• Task item
Retype the data that follows exactly. No pictures belong in the copy.

• Information supplied
============================================================

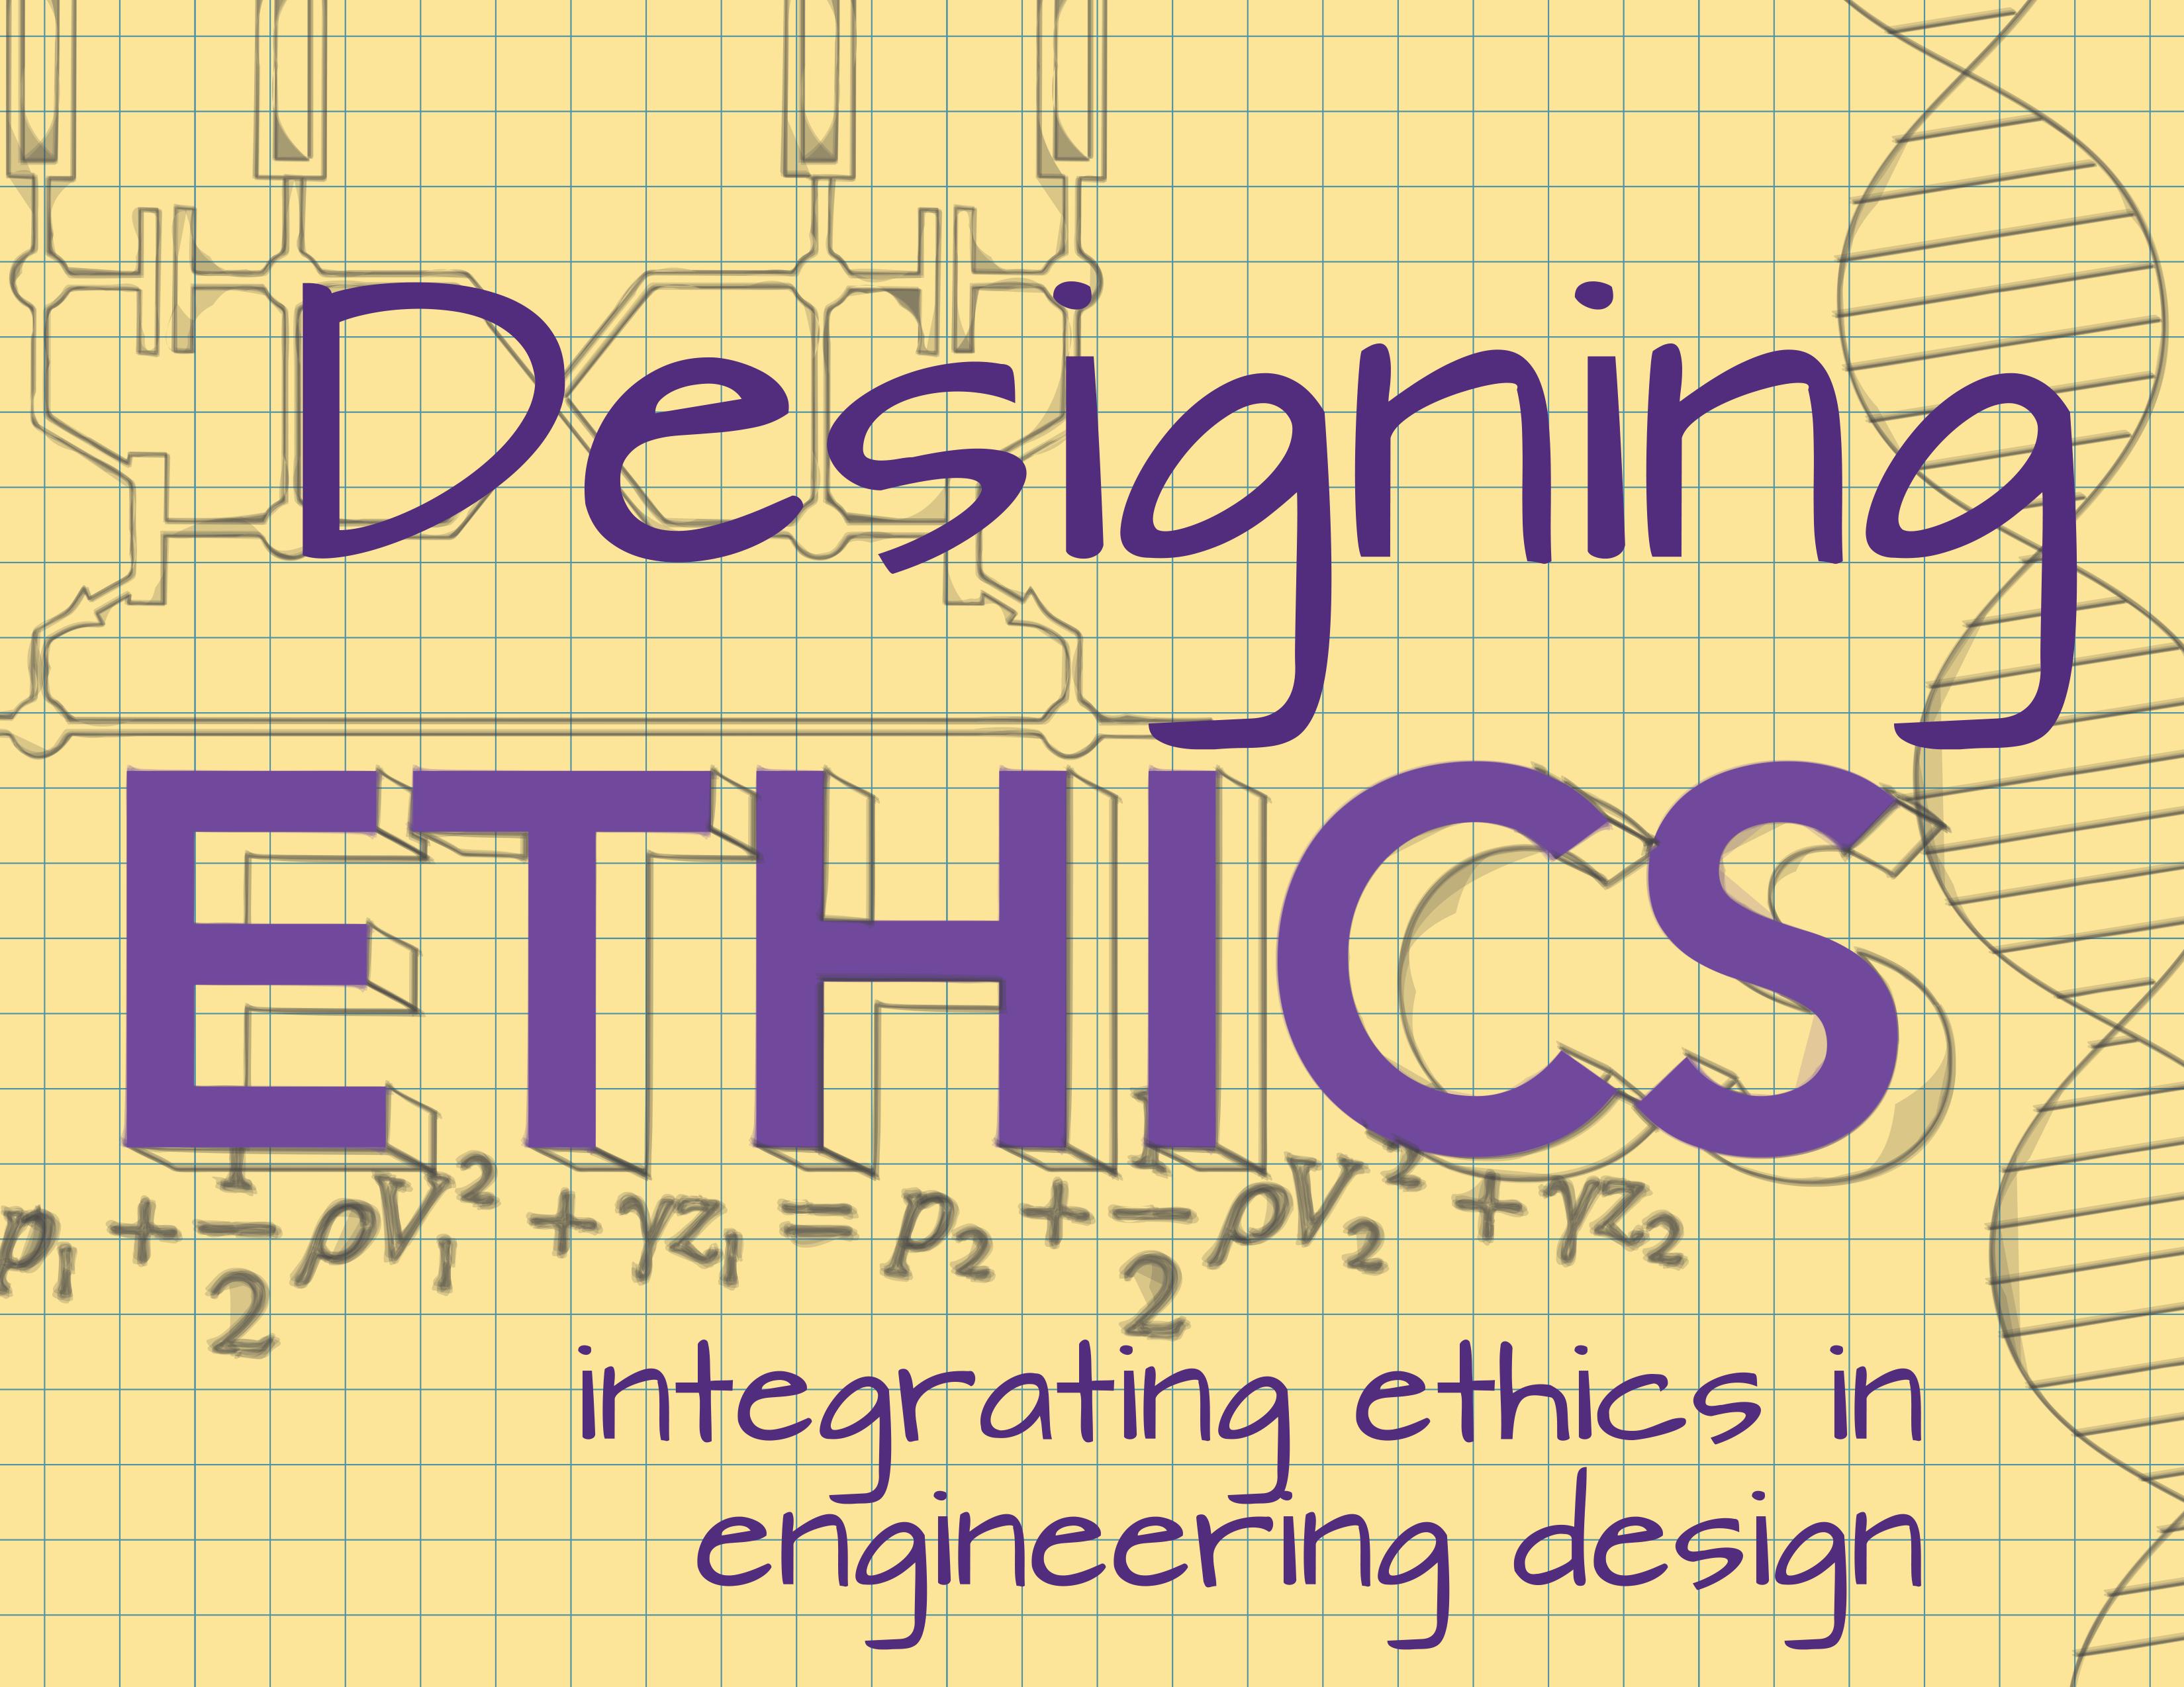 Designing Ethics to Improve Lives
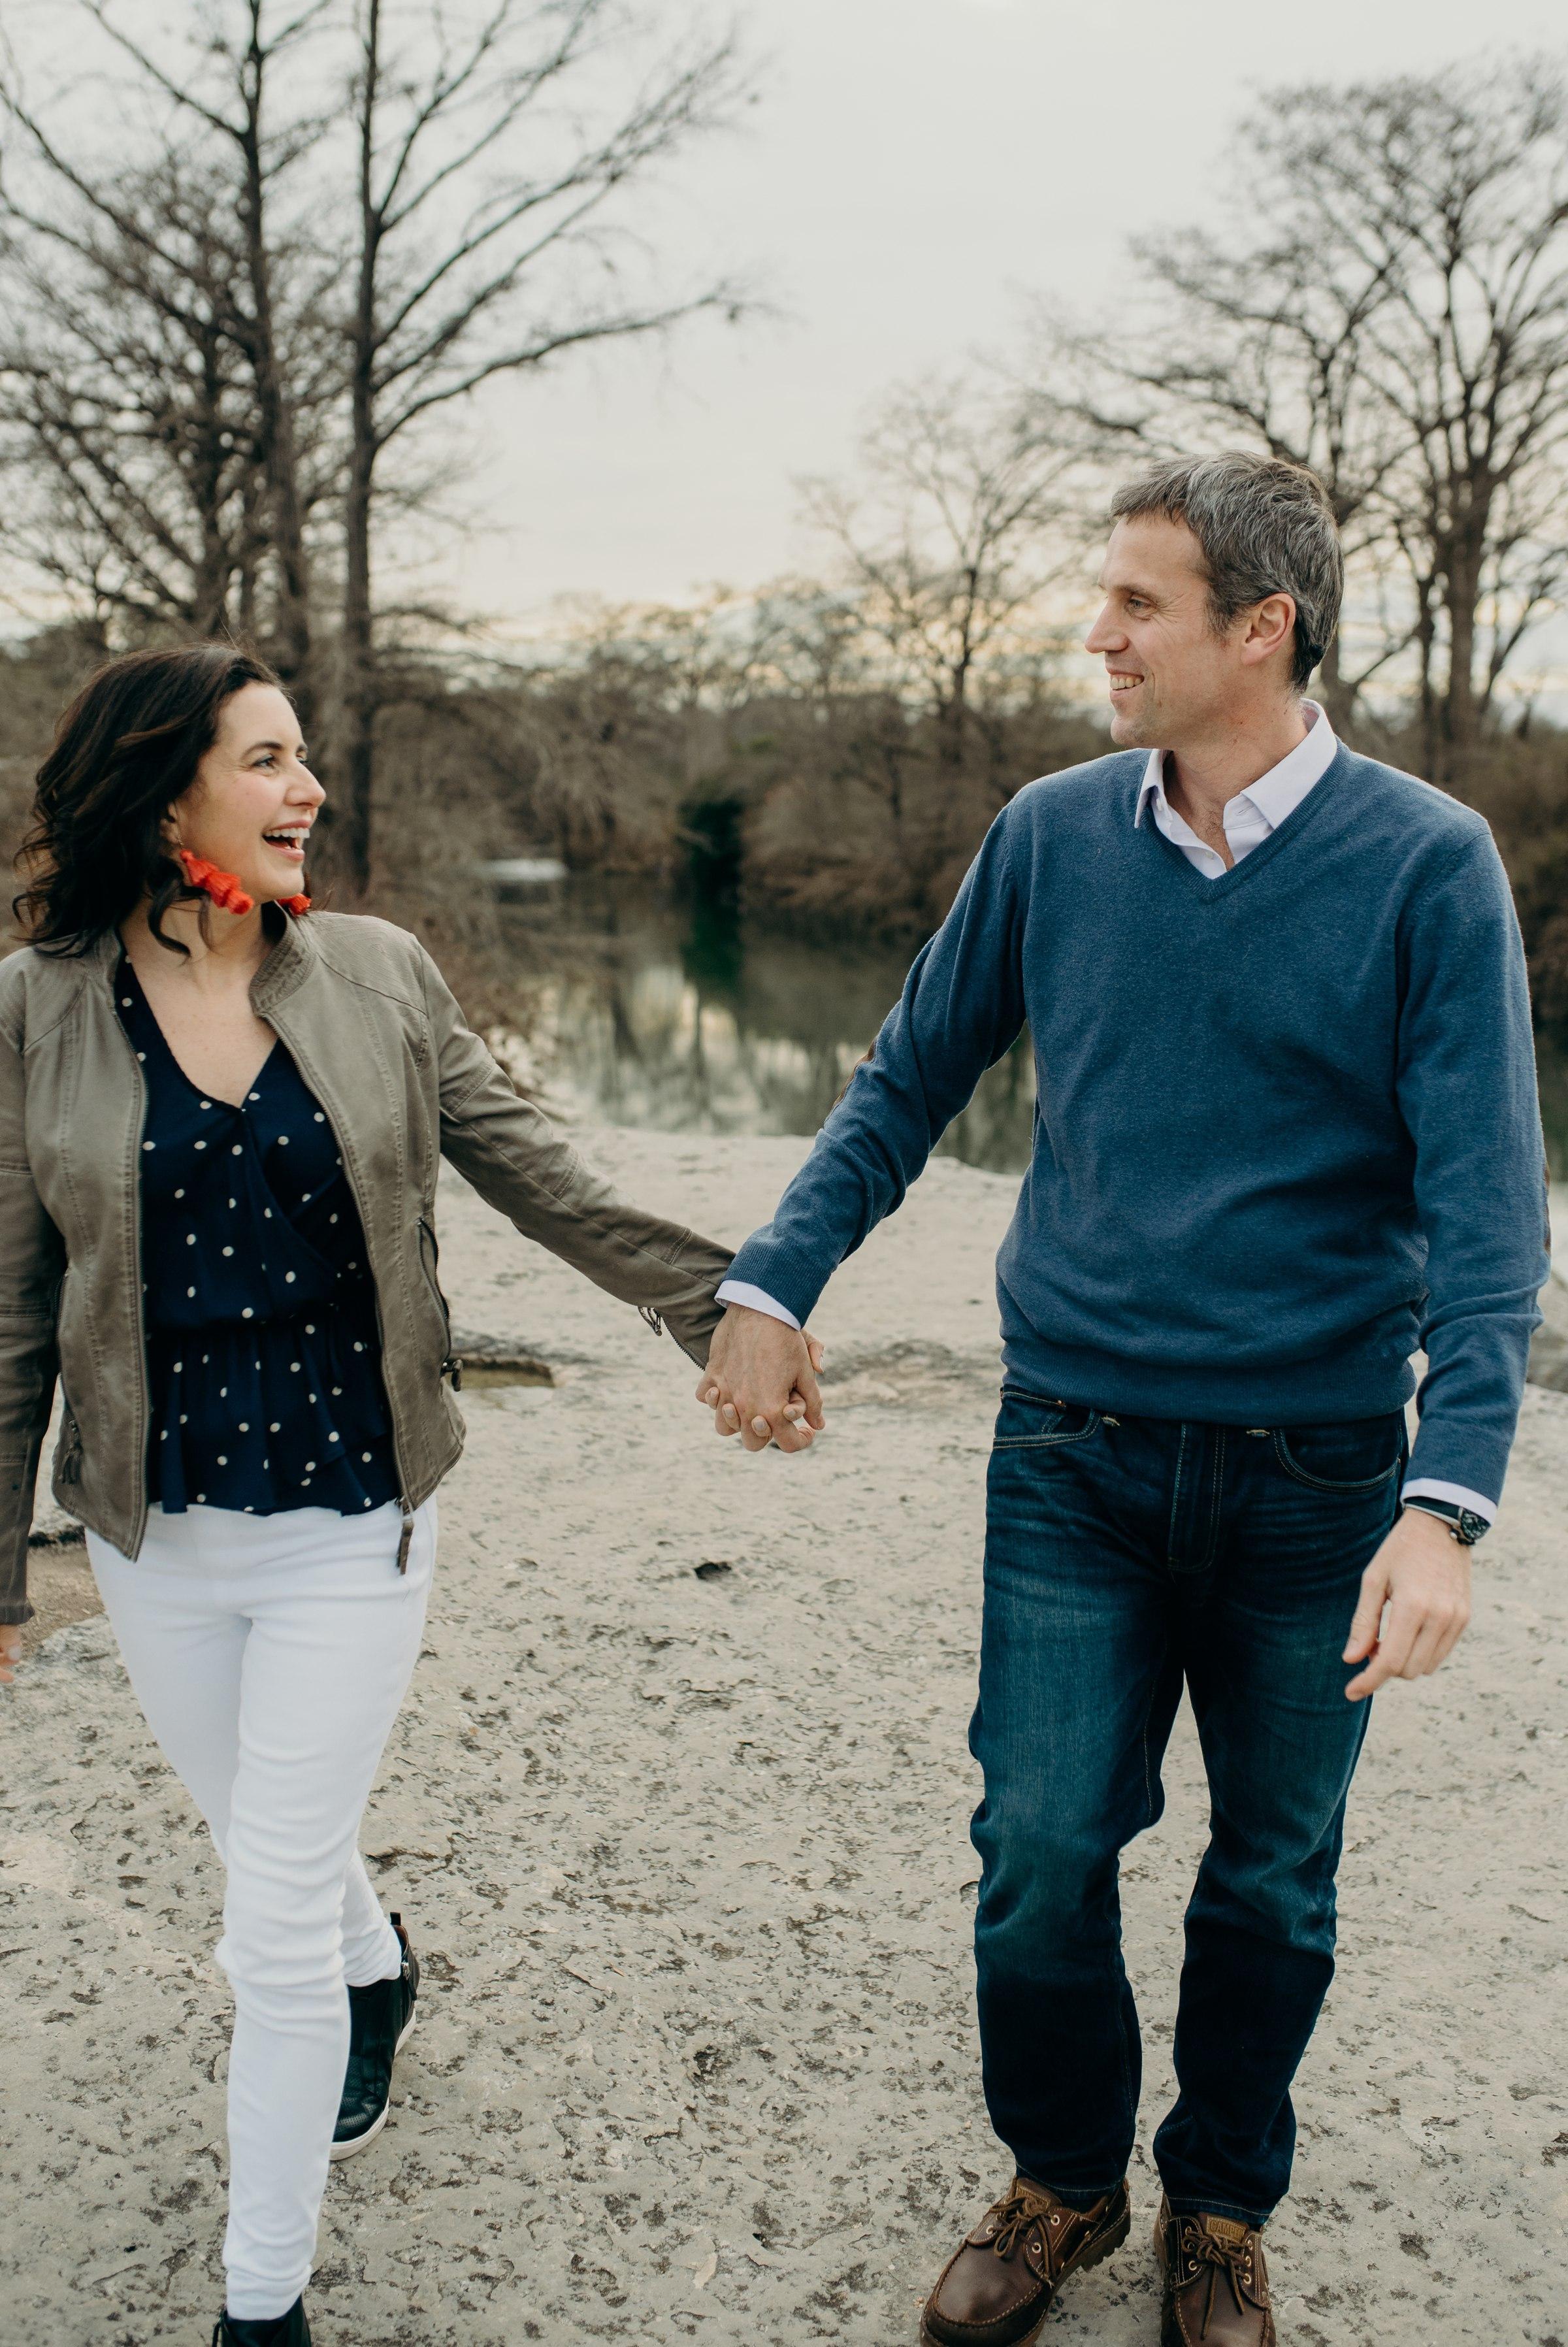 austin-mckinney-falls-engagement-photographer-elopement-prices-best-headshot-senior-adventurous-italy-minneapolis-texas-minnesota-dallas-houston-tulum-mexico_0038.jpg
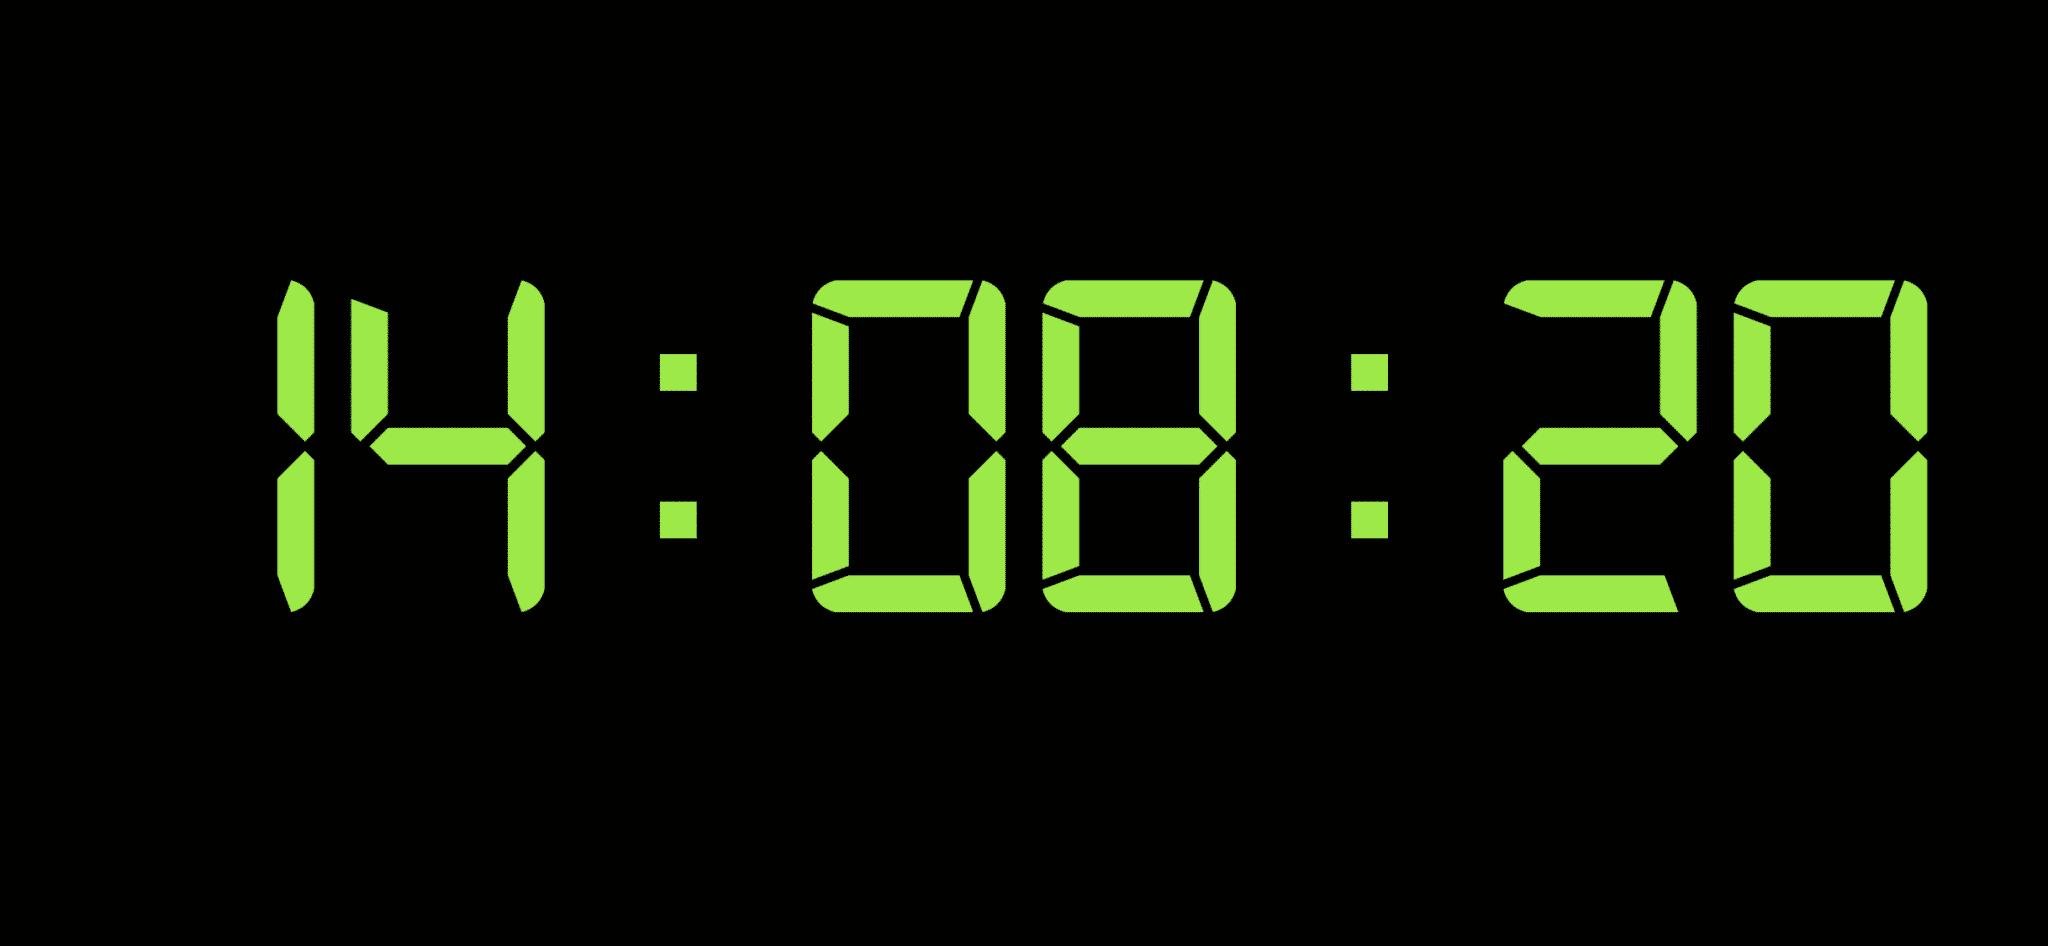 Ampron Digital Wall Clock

============================================================

• Solution to the problem
 Designing Ethics to Improve Lives
 austin-mckinney-falls-engagement-photographer-elopement-prices-best-headshot-senior-adventurous-italy-minneapolis-texas-minnesota-dallas-houston-tulum-mexico_0038.jpg
 Ampron Digital Wall Clock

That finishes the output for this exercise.